Living with a Foot Ulcer (Diabetic Foot Ulcer)

Adapting daily routines can accelerate healing and prevent recurrence.

  • Daily Foot Check: Use a mirror or ask a partner to examine every surface; look for new redness, swelling, or drainage.
  • Foot Hygiene: Wash feet with lukewarm water, pat dry (especially between toes), and apply a thin layer of moisturizer to non‑wound areas.
  • Proper Dressing Changes: Follow the wound‑care nurse’s schedule; keep the dressing clean, dry, and intact.
  • Off‑Loading Devices: Wear prescribed cast or orthopedic shoe at all times—even at home.
  • Blood Sugar Monitoring: Check glucose 4–5 times daily if on insulin; keep a log for your care team.
  • Nutrition: Aim for 1.5–2 g protein/kg body weight per day, vitamin C (≄500 mg), zinc, and adequate calories to support tissue repair.
  • Exercise Safely: Low‑impact activities (e.g., seated rowing, swimming) that do not stress the ulcer.
  • Regular Appointments: Attend all podiatry and diabetes clinic visits; report any changes promptly.

Prevention

Prevention is the most effective strategy because treatment can be prolonged and costly.

  1. Maintain Glycemic Targets: Consistent control reduces neuropathy and PAD progression.
  2. Foot Exams: At least once every 12 months by a health professional; more frequently if high risk.
  3. Daily Self‑Inspection: Never ignore a small cut or blister.
  4. Protective Footwear: Custom‑made diabetic shoes or orthotics; avoid tight, high‑heeled, or worn‑out shoes.
  5. Keep Skin Moisturized: Prevent cracks that can harbor bacteria.
  6. Quit Smoking: Improves peripheral circulation.
  7. Manage Comorbidities: Control hypertension, hyperlipidemia, and renal disease.
  8. Vaccinations: Annual influenza and pneumococcal vaccines to reduce infection risk.

Complications

If a DFU is not adequately treated, serious sequelae can develop.
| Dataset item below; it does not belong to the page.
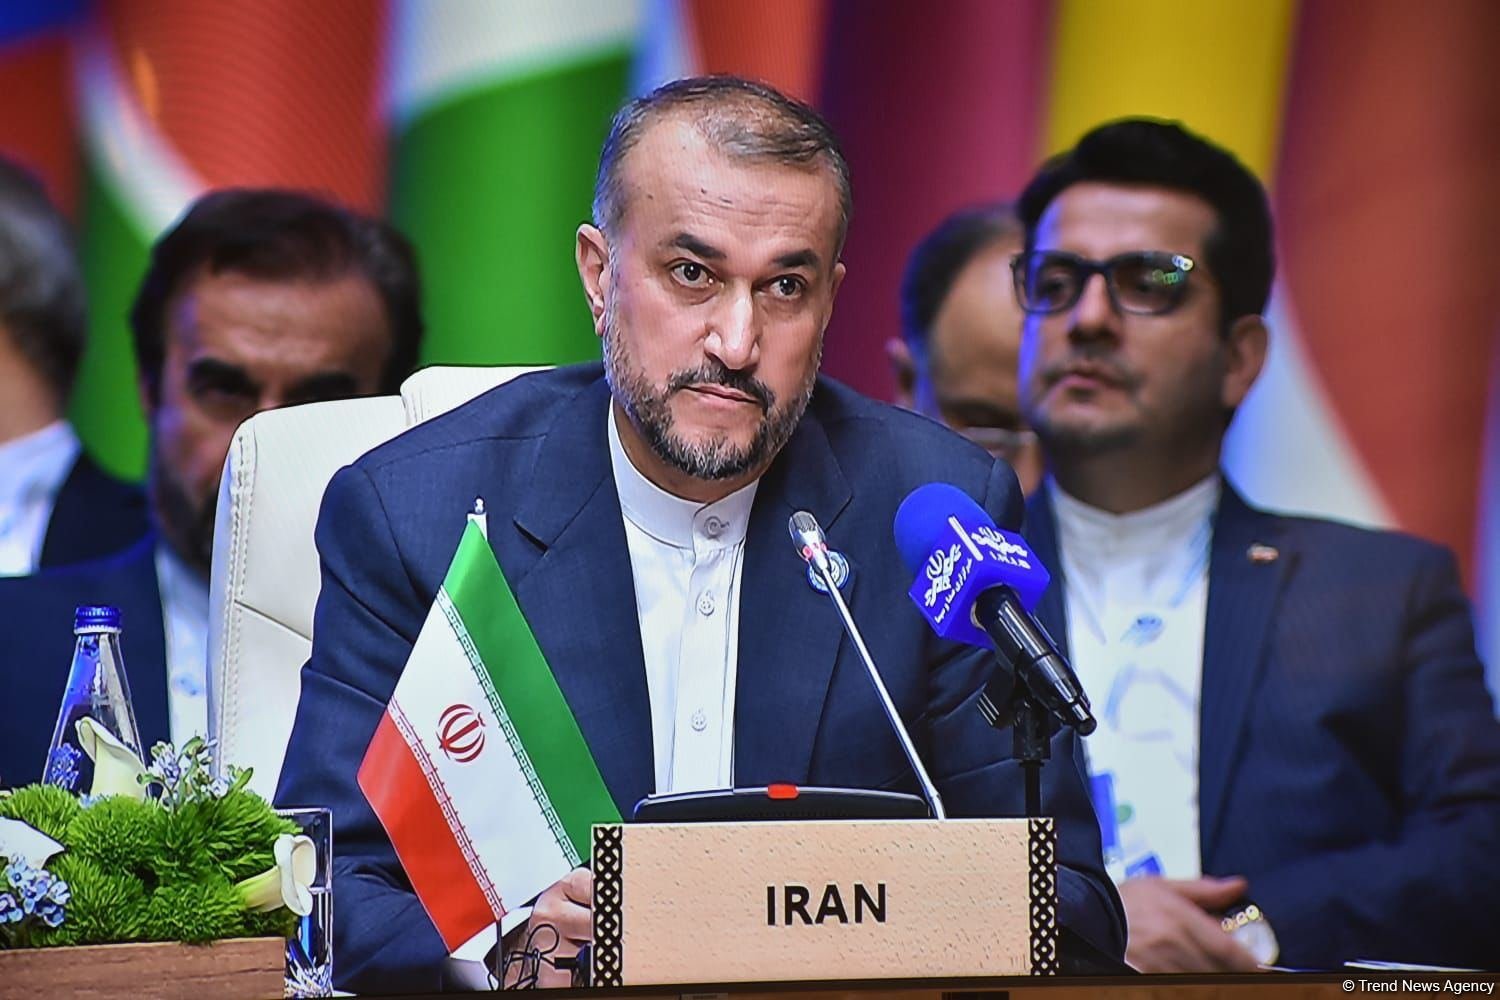 Азербайджан соблюдает трехстороннее соглашение - глава МИД Ирана
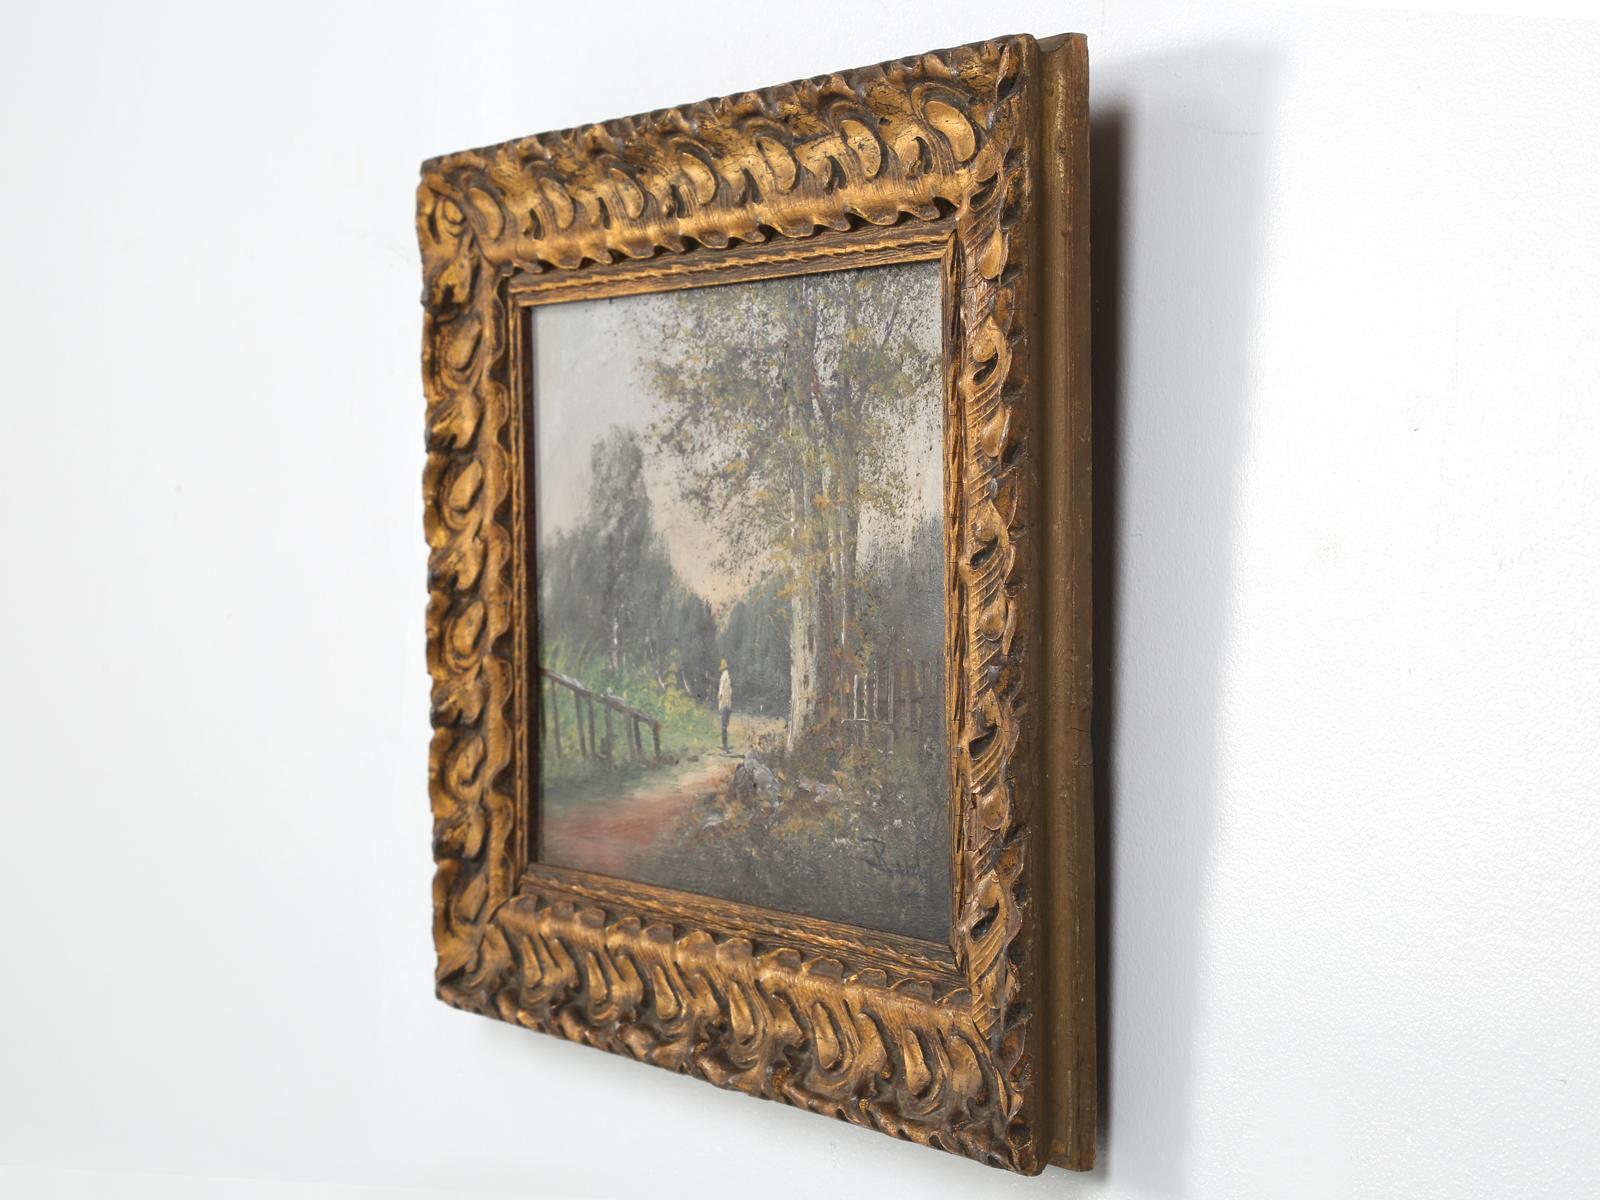 Antique French Landscape Oil Painting on Linen Signed Baldy, Original Gilt Frame For Sale 5

  • Infection: Cellulitis, abscess, or systemic sepsis.
  • Osteomyelitis: Infection of underlying bone; often requires prolonged antibiotics or surgery.
  • Gangrene: Tissue death leading to the need for amputation.
  • Charcot Neuroarthropathy: Progressive foot deformity that further predisposes ulceration.
  • Amputation: Up to 25% of patients with DFU will undergo lower‑extremity amputation within 5 years.5
  • Reduced Quality of Life & Mental Health: Chronic pain and mobility loss increase depression and anxiety rates.

When to Seek Emergency Care

Call 911 or go to the nearest Emergency Department if you notice any of the following:
  • Rapidly spreading redness or swelling that extends beyond the foot (e.g., up the leg)
  • Fever ≄ 38 °C (100.4 °F), chills, or feeling generally ill
  • Severe, unrelenting pain that is new or worsening despite off‑loading
  • Visible gas bubbles or a foul, “rotten” odor from the wound (possible gas‑gangrene)
  • Sudden loss of sensation in the entire foot or marked change in color (blue/pale)
  • Any signs of a deep wound that may have exposed bone or tendon
Prompt treatment can save the limb and life.

Sources: 1. International Diabetes Federation. IDF Diabetes Atlas, 10th edition, 2023.
2. CDC. National Diabetes Statistics Report, 2022.
3. American Diabetes Association. Standards of Medical Care in Diabetes—2024.
4. Boulton AJ, et al. “Management of diabetic foot problems.” Lancet, 2023.
5. Cleveland Clinic. Diabetic Foot Ulcer Statistics, 2024.